QuadraticDiscriminantAnalysis(priors=None, reg_param=0.0,
               store_covariance=False, store_covariances=None, tol=0.0001)

In [24]:
prediction_qda = qda.predict(test_data_features)

In [25]:
print("prediction accuracy is %f" % ((dataset_df_test['rating'] == prediction_qda).sum()/len(dataset_df_test)))

prediction accuracy is 0.388000


#### 3. Logistic Regression

In [26]:
logreg = LogisticRegression(C=1e5,multi_class = 'auto',solver = 'lbfgs')
logreg.fit(train_data_features, dataset_df_train["rating"])

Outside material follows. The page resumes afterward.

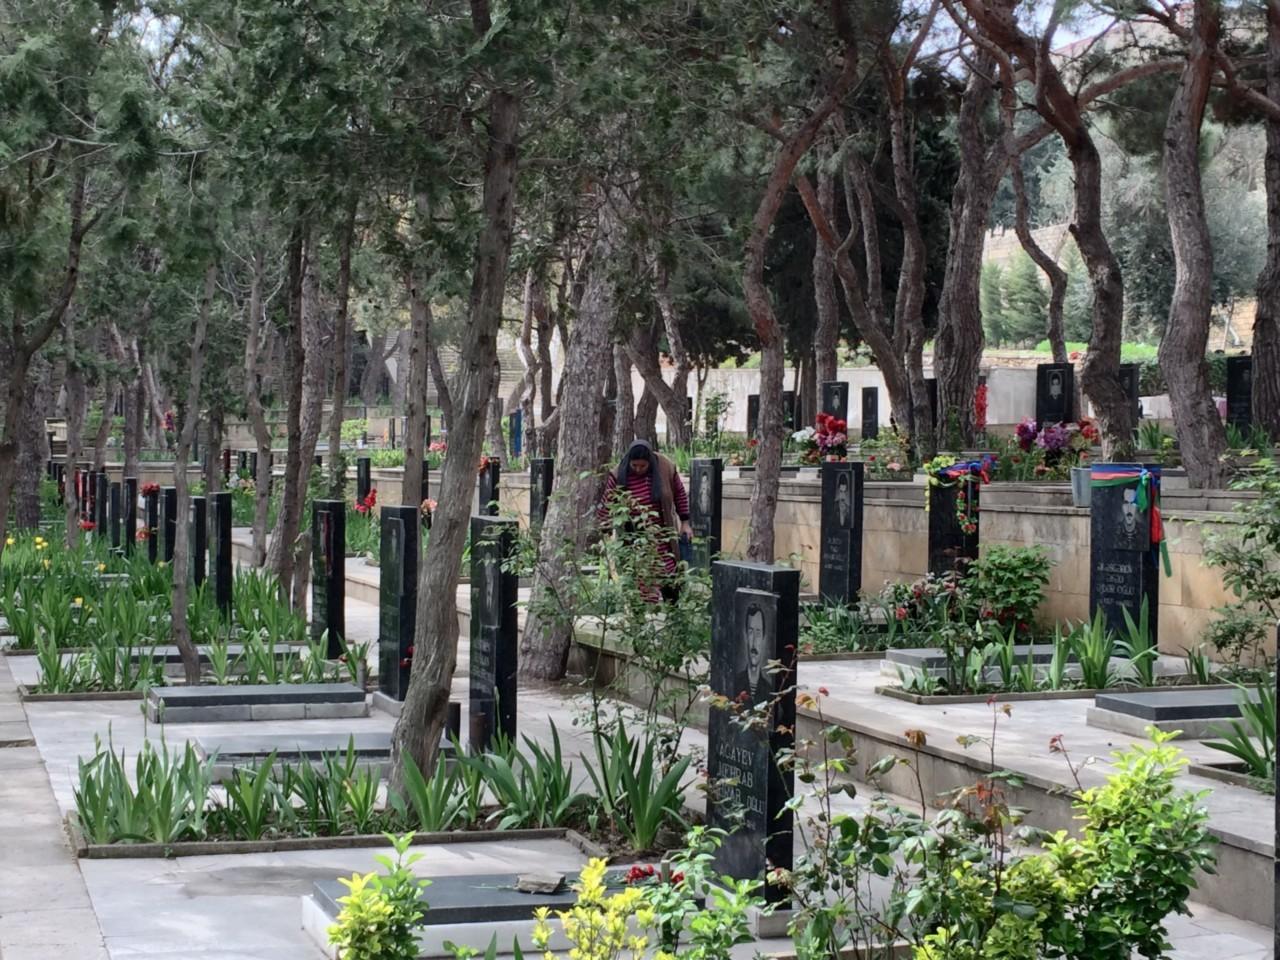 Martyr's Alley Garden
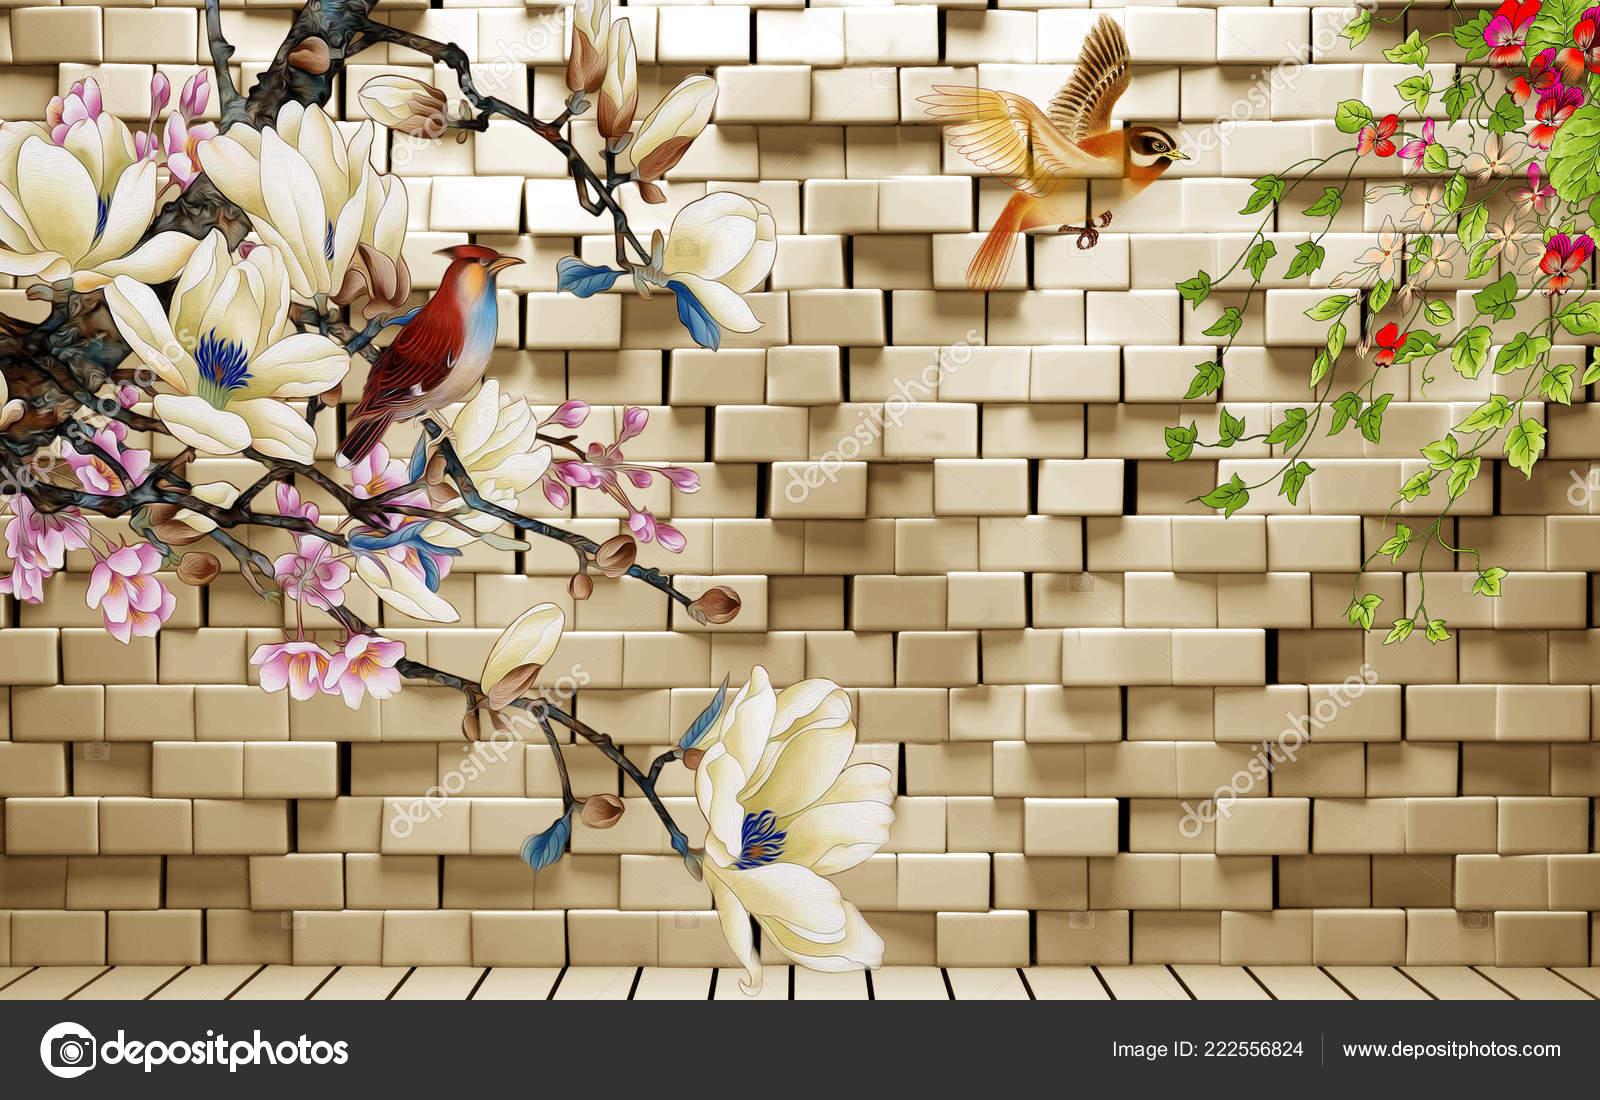 Illustration Background White Brick Wall Warm Illumination Birds Fabulous Flowers Stock Photo Image By Timkats 222556824

LogisticRegression(C=100000.0, class_weight=None, dual=False,
          fit_intercept=True, intercept_scaling=1, max_iter=100,
          multi_class='auto', n_jobs=None, penalty='l2', random_state=None,
          solver='lbfgs', tol=0.0001, verbose=0, warm_start=False)

In [27]:
prediction_logreg = logreg.predict(test_data_features)

In [28]:
print("prediction accuracy is %f" % ((dataset_df_test['rating'] == prediction_logreg).sum()/len(dataset_df_test)))

prediction accuracy is 0.439800


#### 4. Random Forest

In [29]:
forest = RandomForestClassifier(n_estimators = 200) 
forest = forest.fit(train_data_features, dataset_df_train["rating"])

In [30]:
# Use the random forest to make sentiment label predictions
prediction_rm = forest.predict(test_data_features)

In [31]:
print("prediction accuracy is %f" % ((dataset_df_test['rating'] == prediction_rm).sum()/len(dataset_df_test)))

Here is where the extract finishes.